**Data shown**
===============

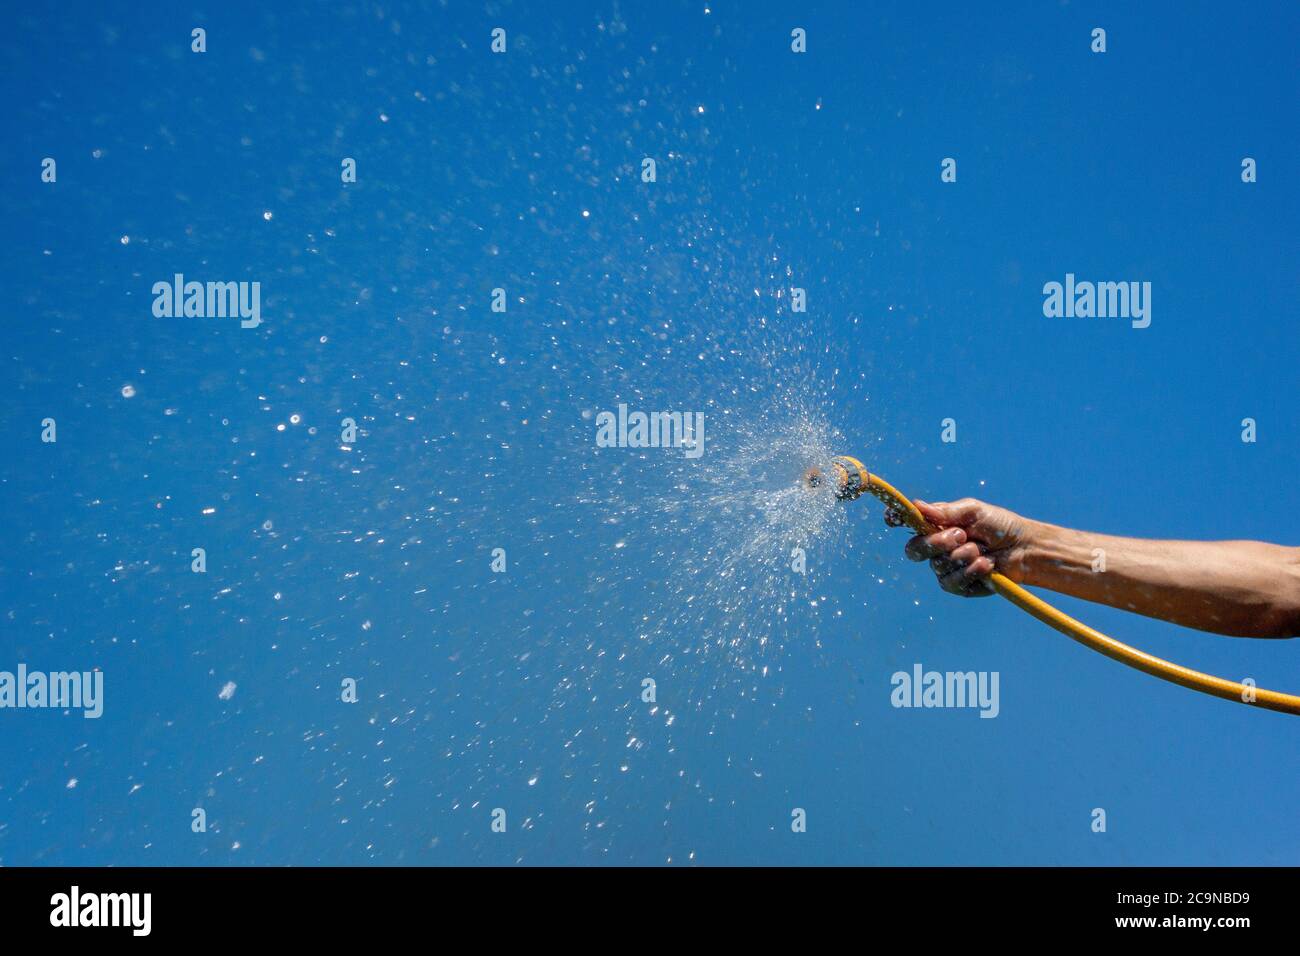 Water from a hose pipe being sprayed under pressure, against a blue summers sky. North Yorkshire, UK. Stock Photo
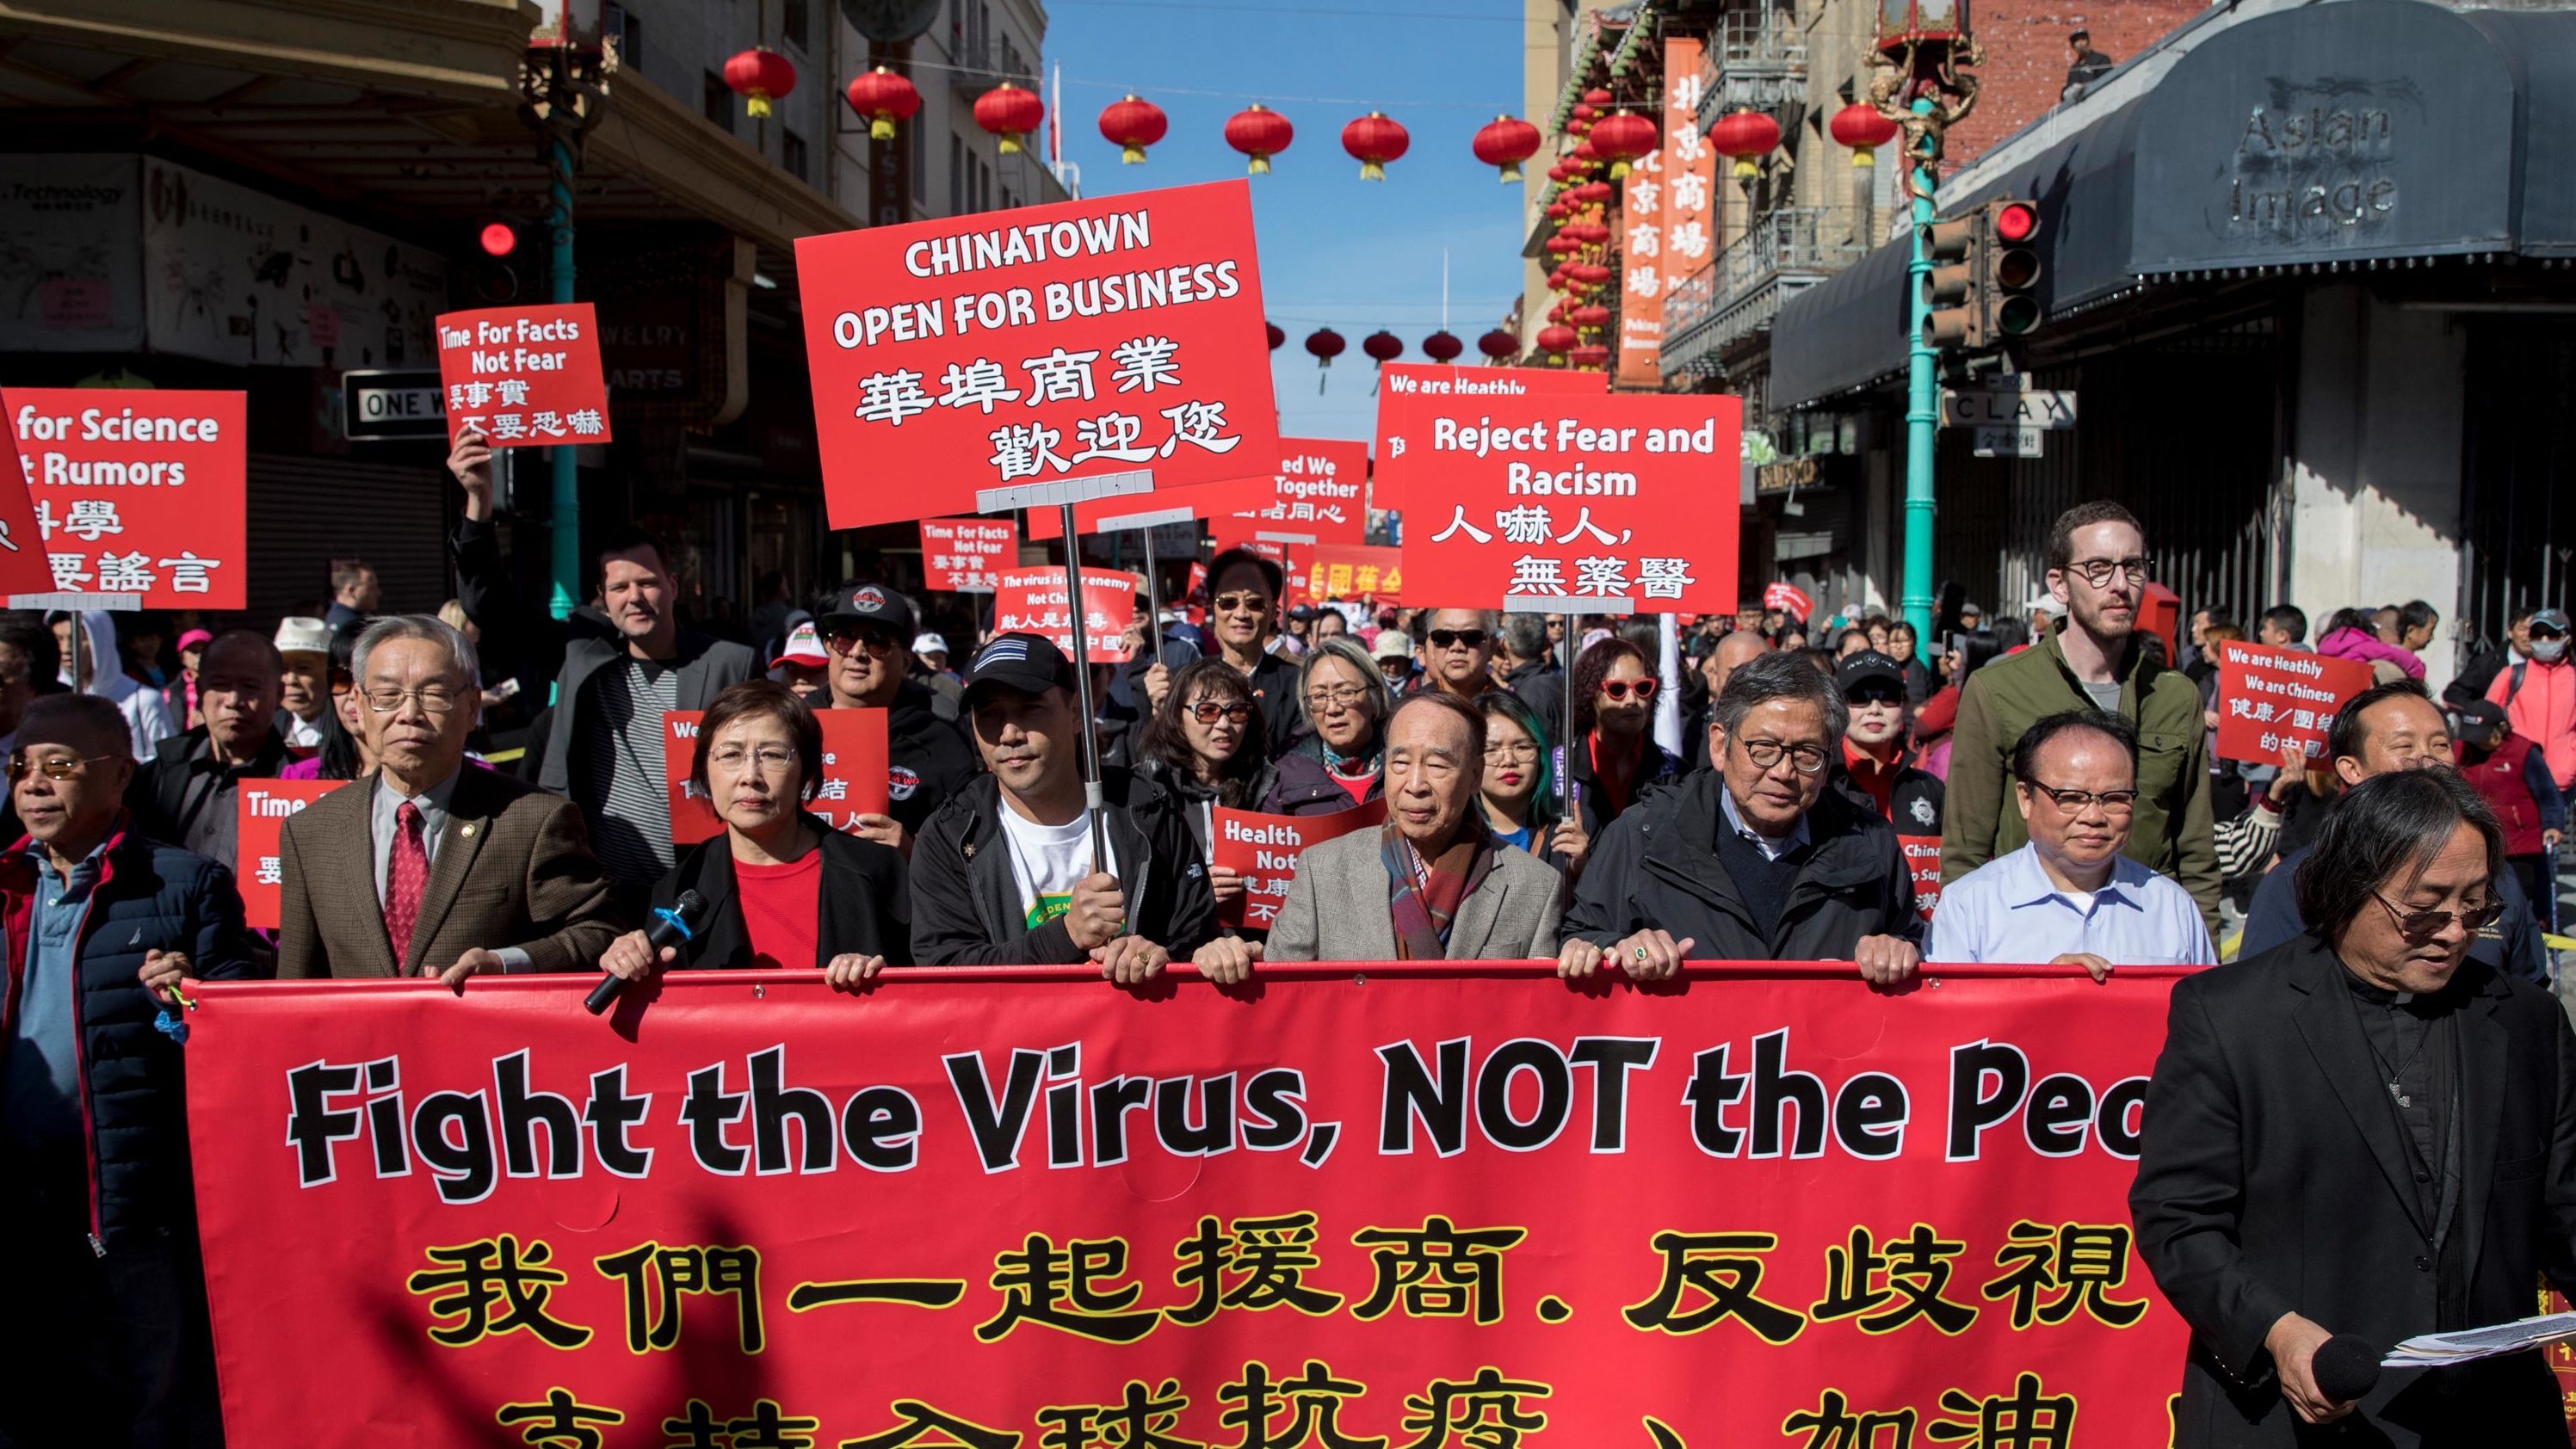 Hundreds of Chinatown residents in San Francisco take to the streets to protest against racism, on February 29, 2020.
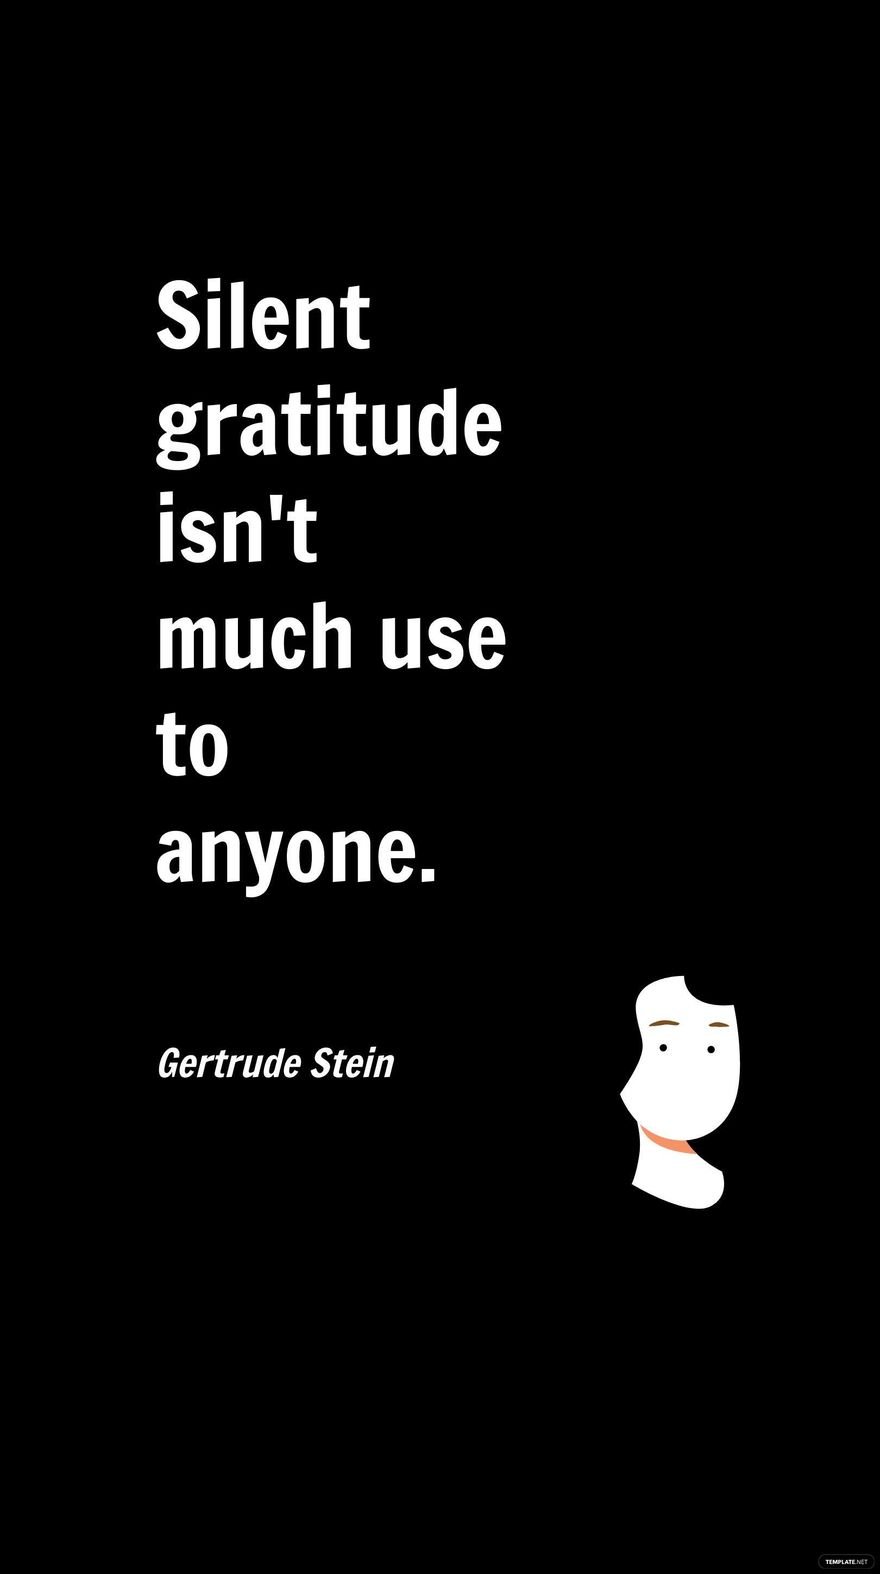 Free Gertrude Stein - Silent gratitude isn't much use to anyone. in JPG
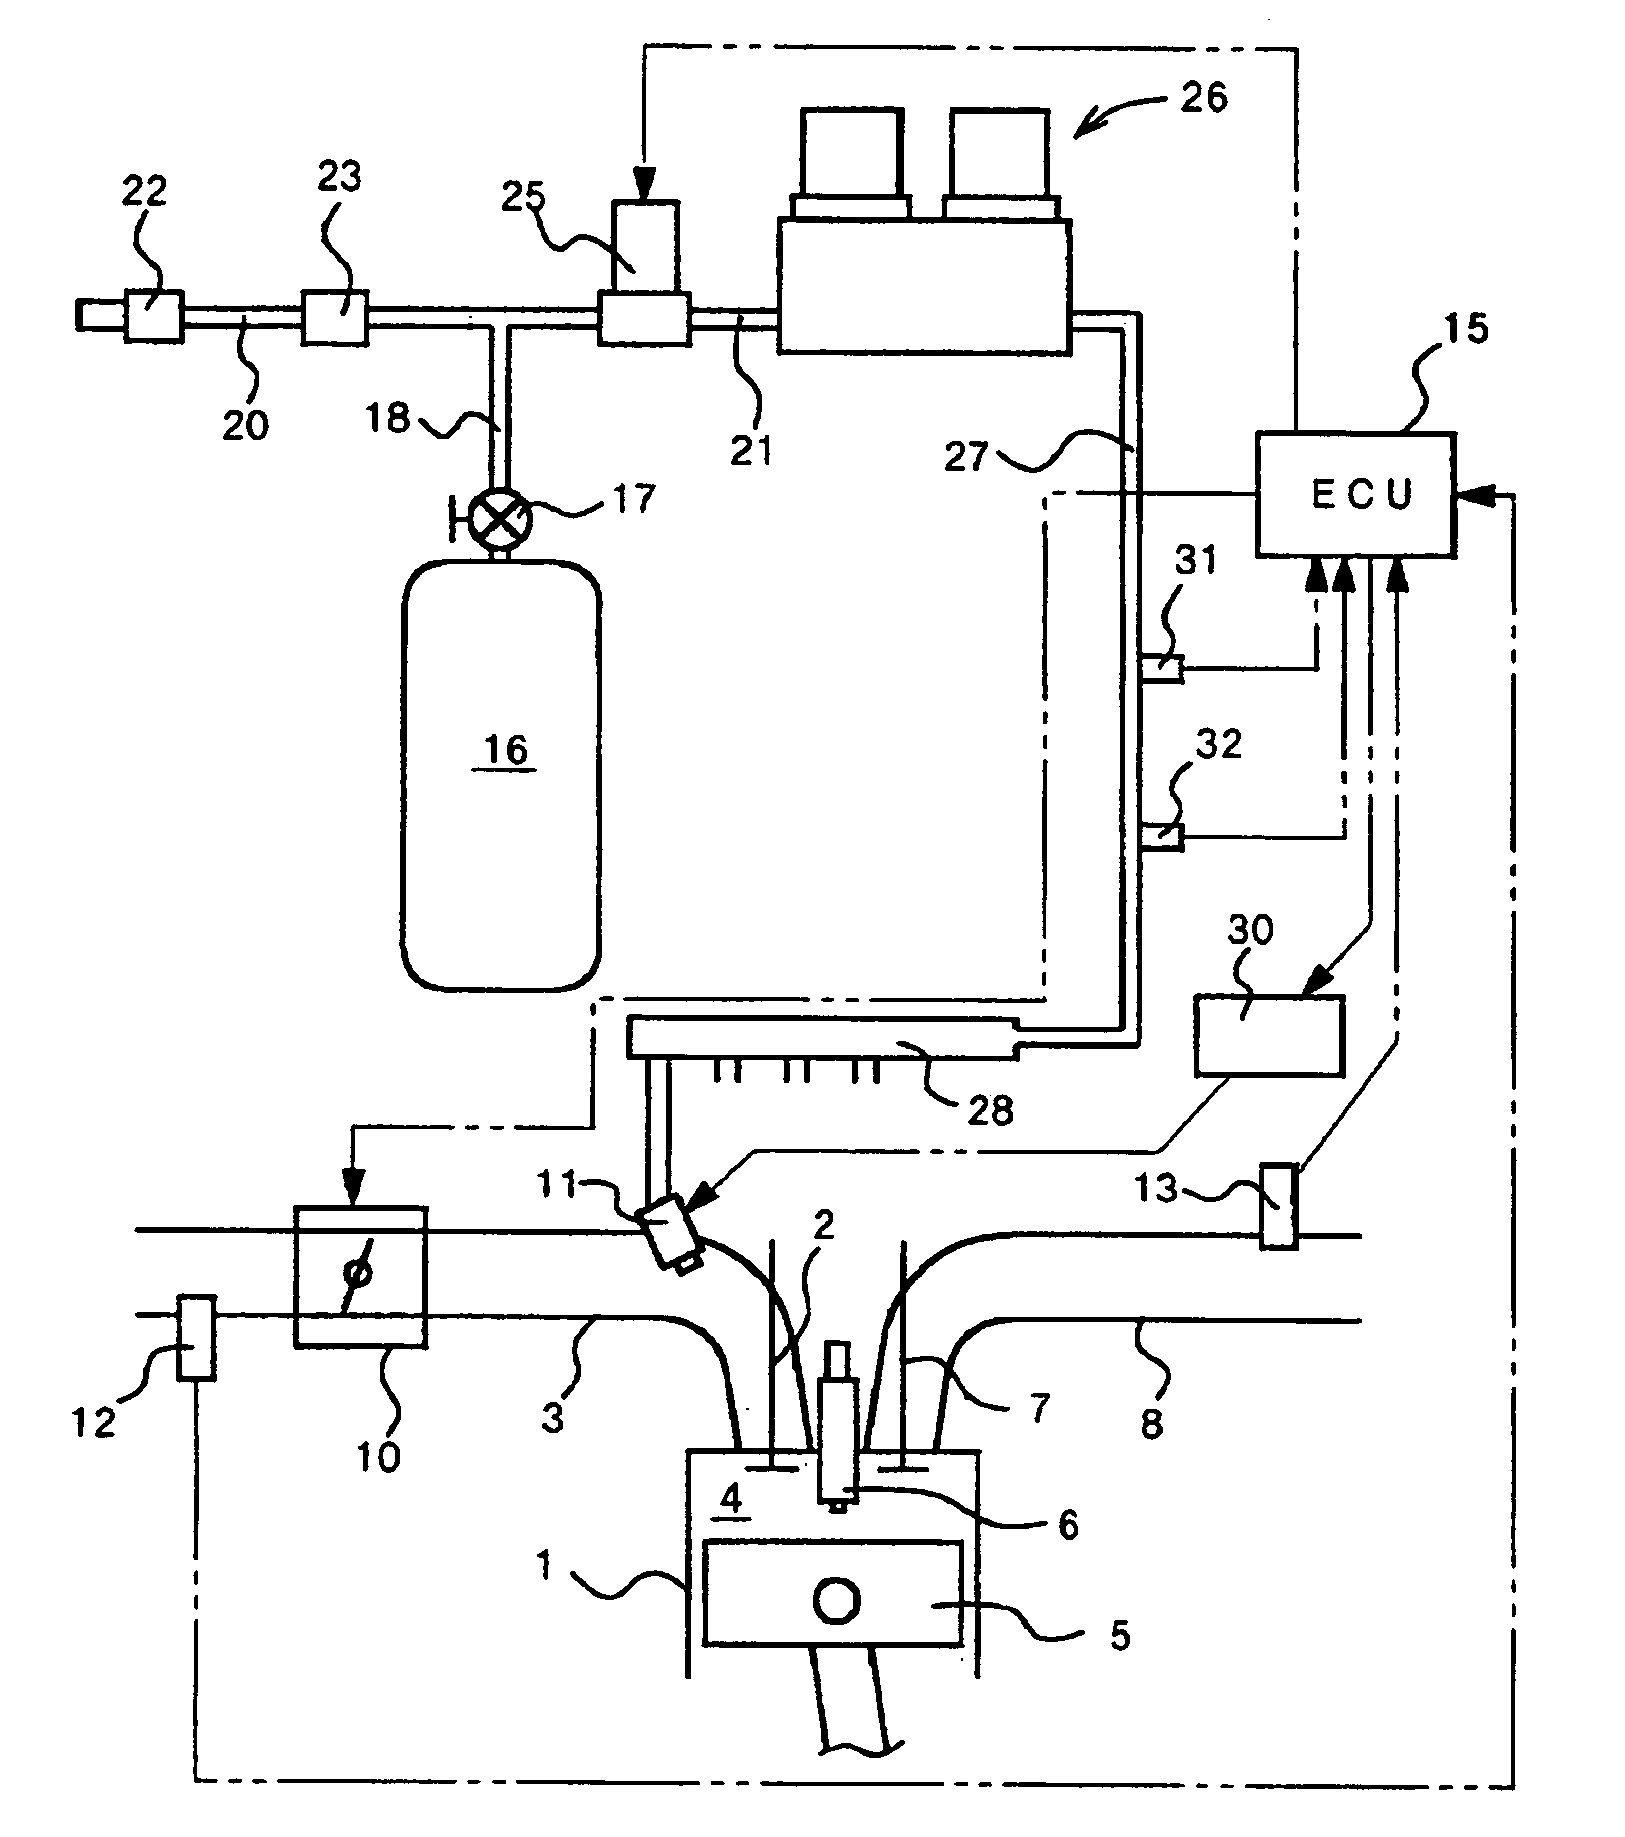 Gas fuel feed device

===============

Copy out the data above to the letter, and keep every picture out of it.

**Response below**
 Water from a hose pipe being sprayed under pressure, against a blue summers sky. North Yorkshire, UK. Stock Photo
 Hundreds of Chinatown residents in San Francisco take to the streets to protest against racism, on February 29, 2020.
 Free Gertrude Stein - Silent gratitude isn't much use to anyone. in JPG
 Gas fuel feed device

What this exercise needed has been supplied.